Ireleth & Askam St Peter's



Grace recently asked for a pic of the memorial inside St Peter's parish church, Ireleth ... Here it is ...

Askam & Ireleth war memorial committee's initial proposals, were wildly over ambitious at a time of financial restraint (!sounds familiar!). Eventually the trustees, probably through the offices of the Reverend Ridley, approached Mowbray and Company of London, an established firm of church furnishers, requesting a design for a memorial plaque. This was produced and displayed in the window of Askam co-operative society’s shop in Duke Street through the course of September 1920. On October 4, a special parish vestry meeting was called to discuss the sanctioning ‘or otherwise’ of a faculty for the placing of the plaque on the south wall of the nave of St Peter’s parish church. In chairing the meeting the vicar noted that both the design and the suggested location of the memorial had ‘the sanction and support’ of the relatives of the named dead. The proposal for the faculty was unanimously accepted.

The memorial of cast bronze mounted on a pale cream marble slab was installed in the church by John Baxter Riley of Sea-View, Ireleth; undertaker, sexton, monumental mason, joiner and parish clerk. The plaque was formally unveiled on Sunday, March 19, 1921 by Captain J. M. Challinor, M.C., of  ‘Nether Close’, Ireleth. It cost something in excess of £150 of which £101.14s had been raised by public subscription up to that time.  Challinor was the son in law of Henry Mellon, chair of the war memorial committee.


Captain Johnson McMillan (Jack) Challinor was the son of Sam Challinor, the village doctor in the late 1800s. He had won the Military Cross serving with the King's Own Scottish Borderers at Hill 60 in 1915.

He was awarded the Military Cross for his actions during the Battle of St Julien on the 5th May, when the Battalion, part of a sorely depleted 13th Infantry Brigade, was ordered to retake a section of Hill 60 that had been retaken by the Germans. Two companies, 'C' and 'D' led the assault, but heavy fire forced them to retire to the trenches from which their attacks had been launched. However 2 platoons under the command of Lieutenant Challinor managed to gain a somewhat tenuous position, and stuck it out until only the officer and 3 men were left. This party only withdrew when the flanking forces were ordered to retire. He was promoted to Captain in May.

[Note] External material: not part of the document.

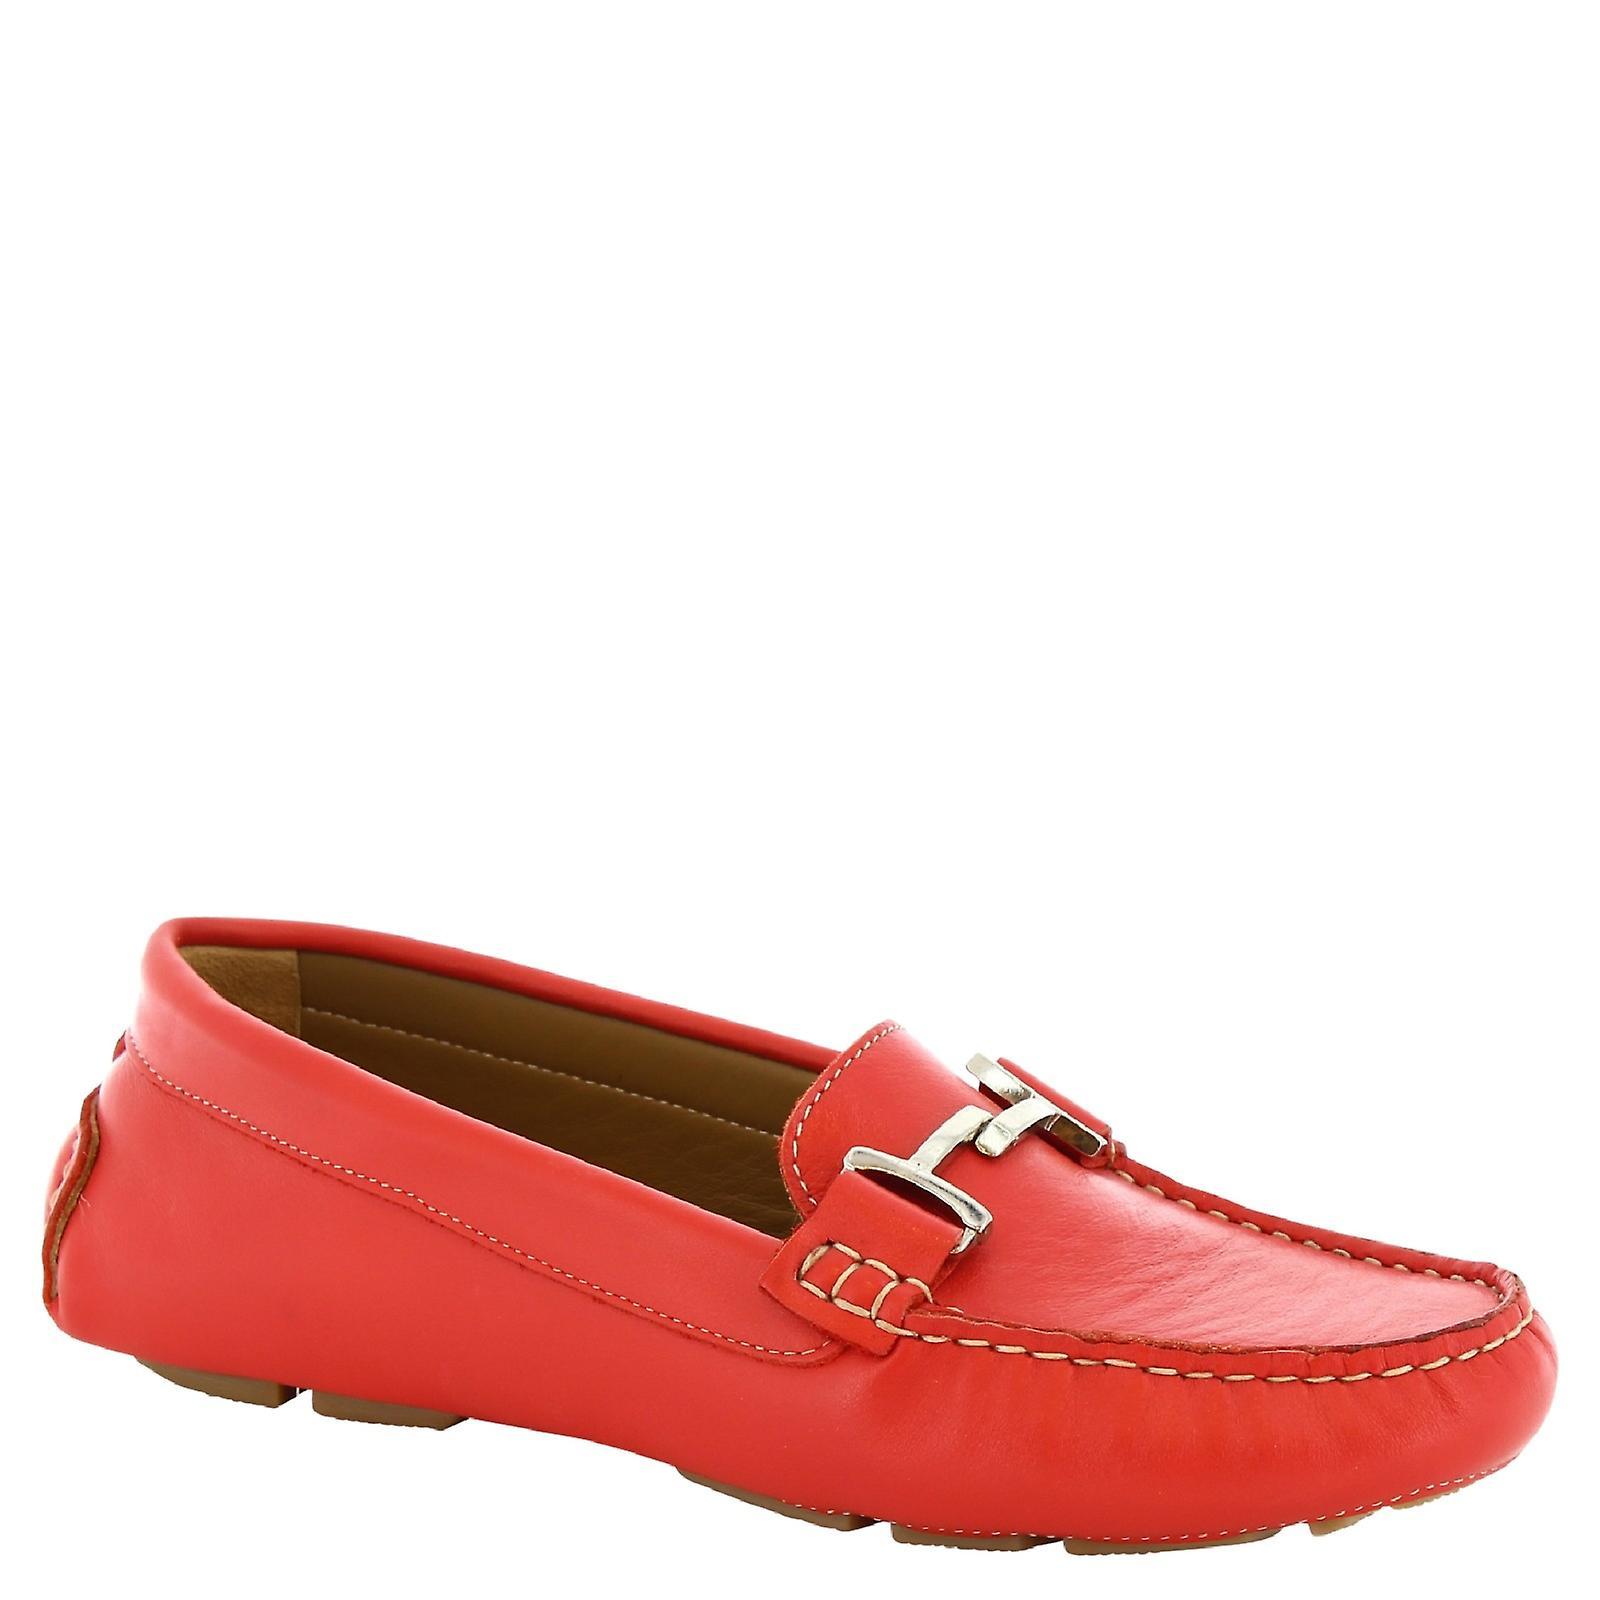 Leonardo Shoes Women's handmade bit loafers in red calf leather
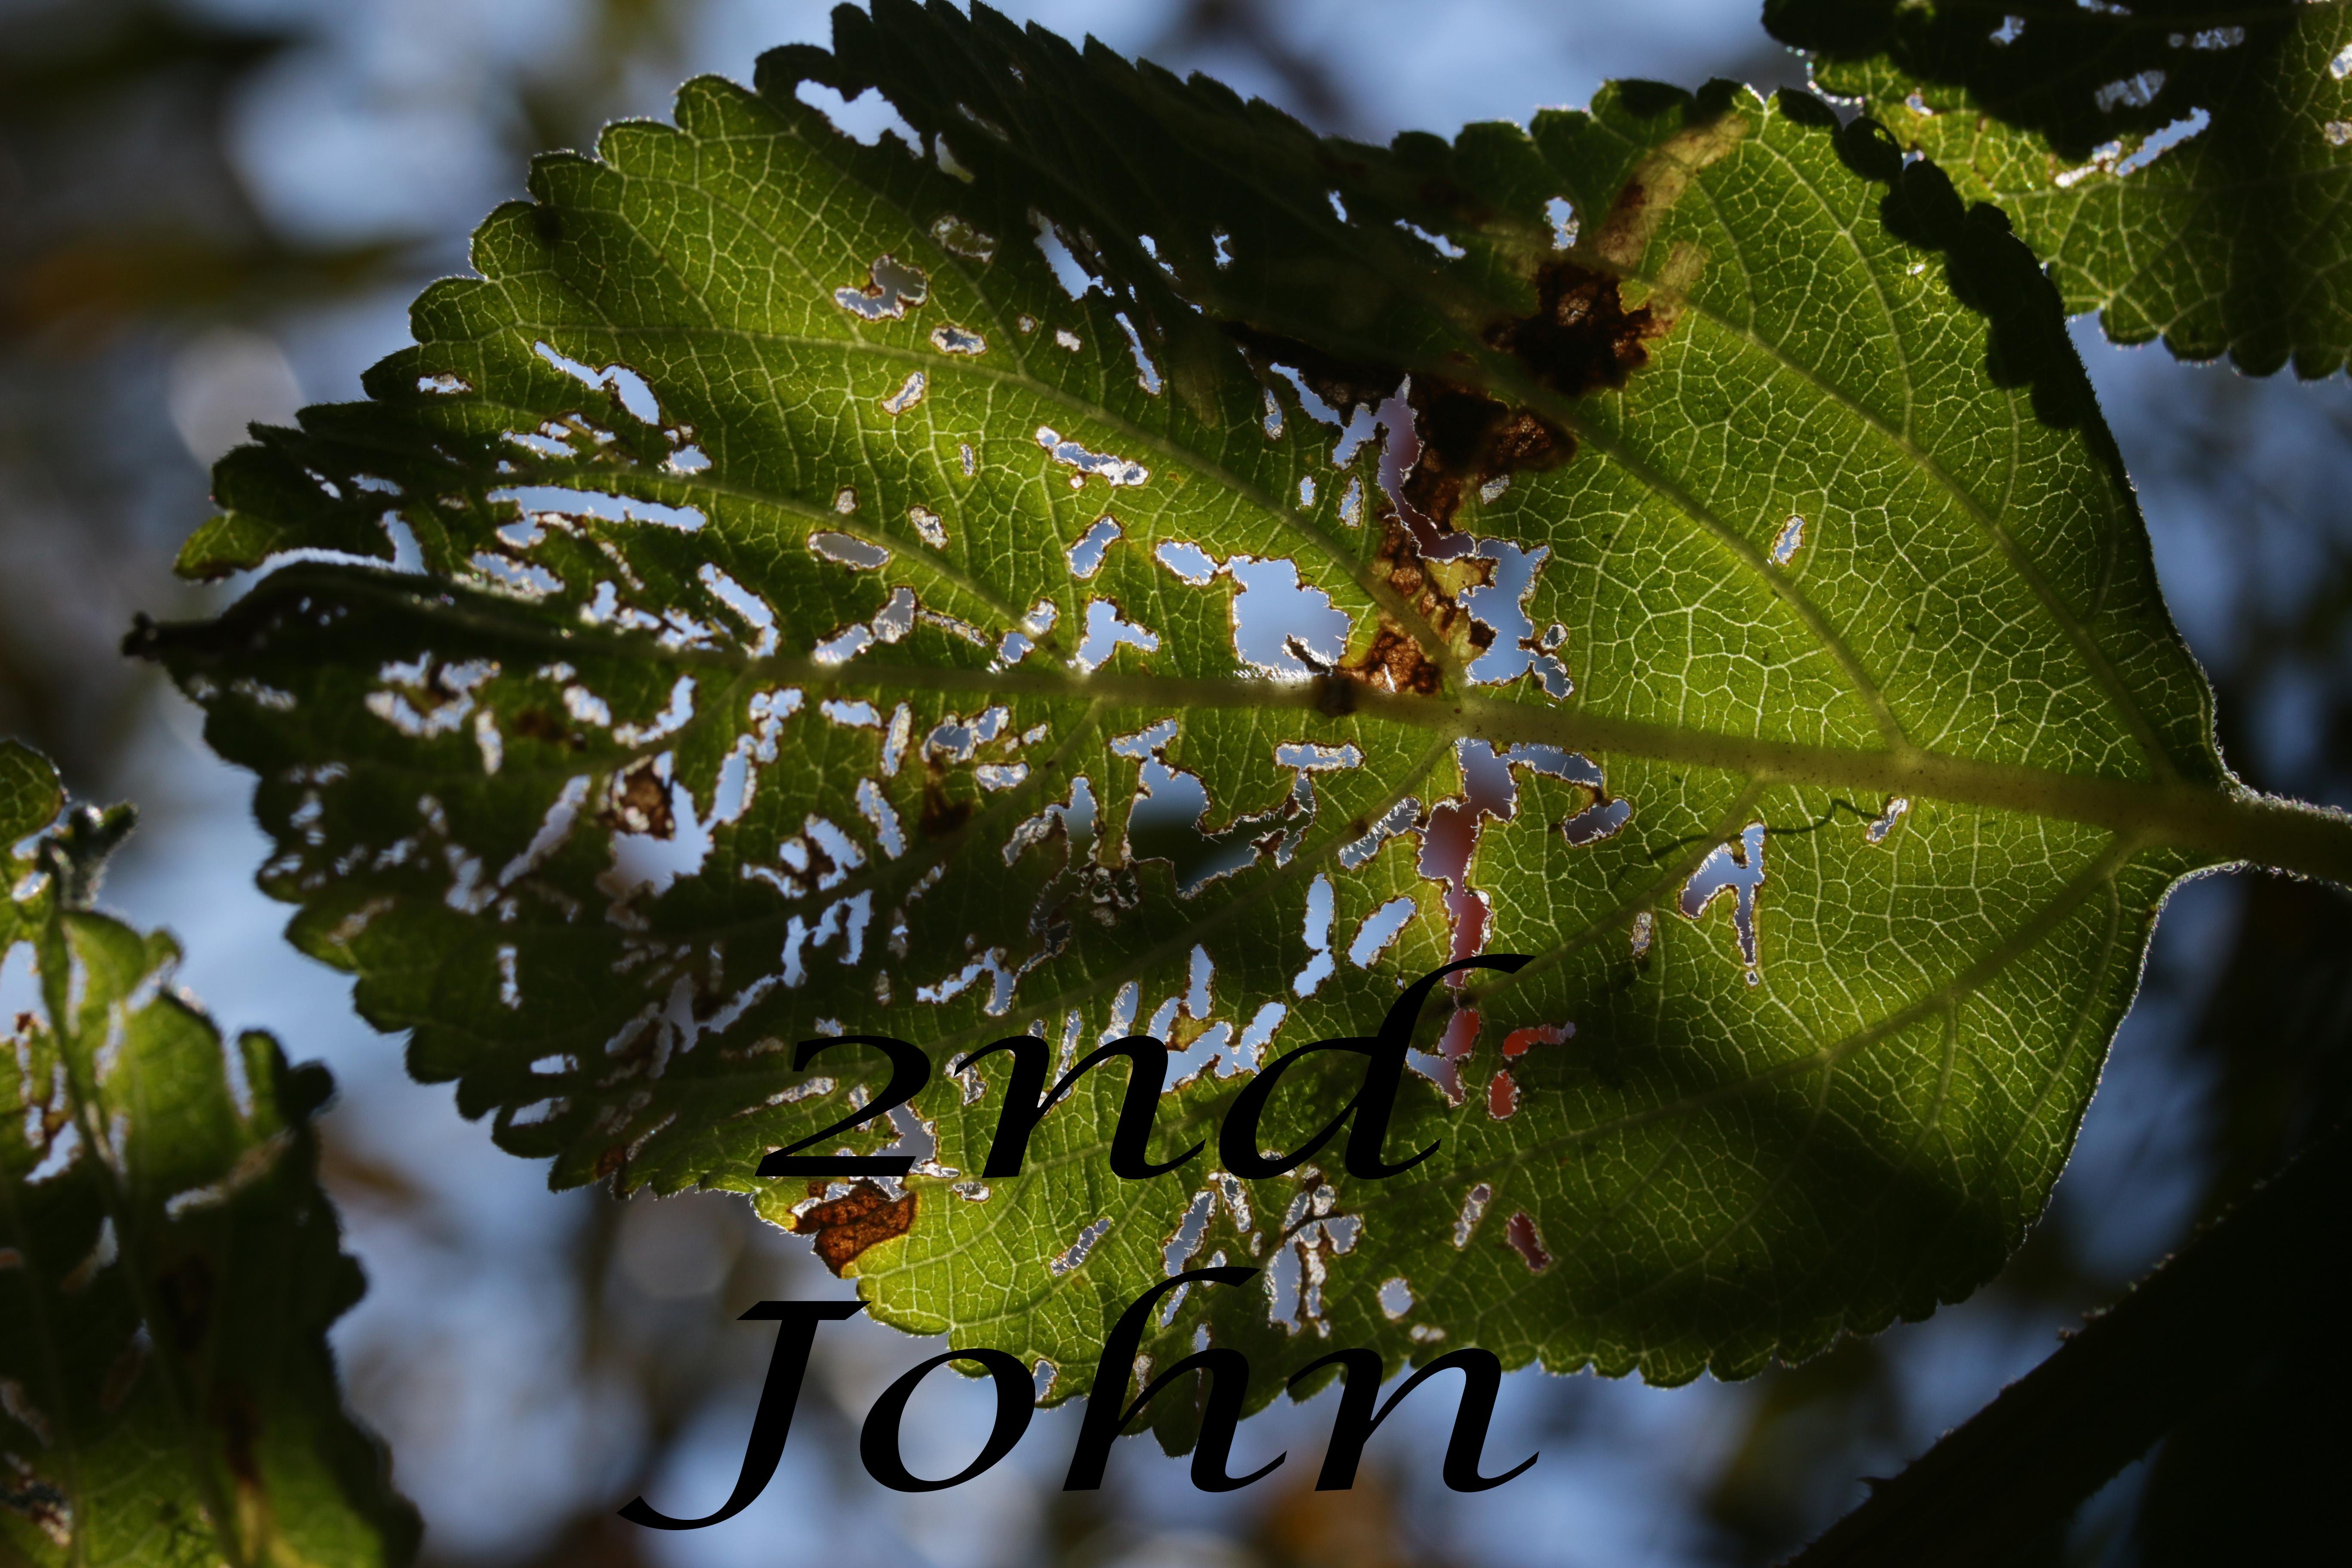 2nd John Abbott

He  and his wife, Hilda, lost their son, Neil, to meningitis at new year 1919/20 when the boy was only 6 months old. He himself died in 1928 of heart failure, aged 41, and was buried in St Peter's churchyard.
 

1 comment:

Grace said...

Thanks so much for the photo of the plaque. I really appreciate it.(I am only just now seeing it because I only went back to look at the page where I left my previous comment/request, and today being Veterans' Day, I came back again).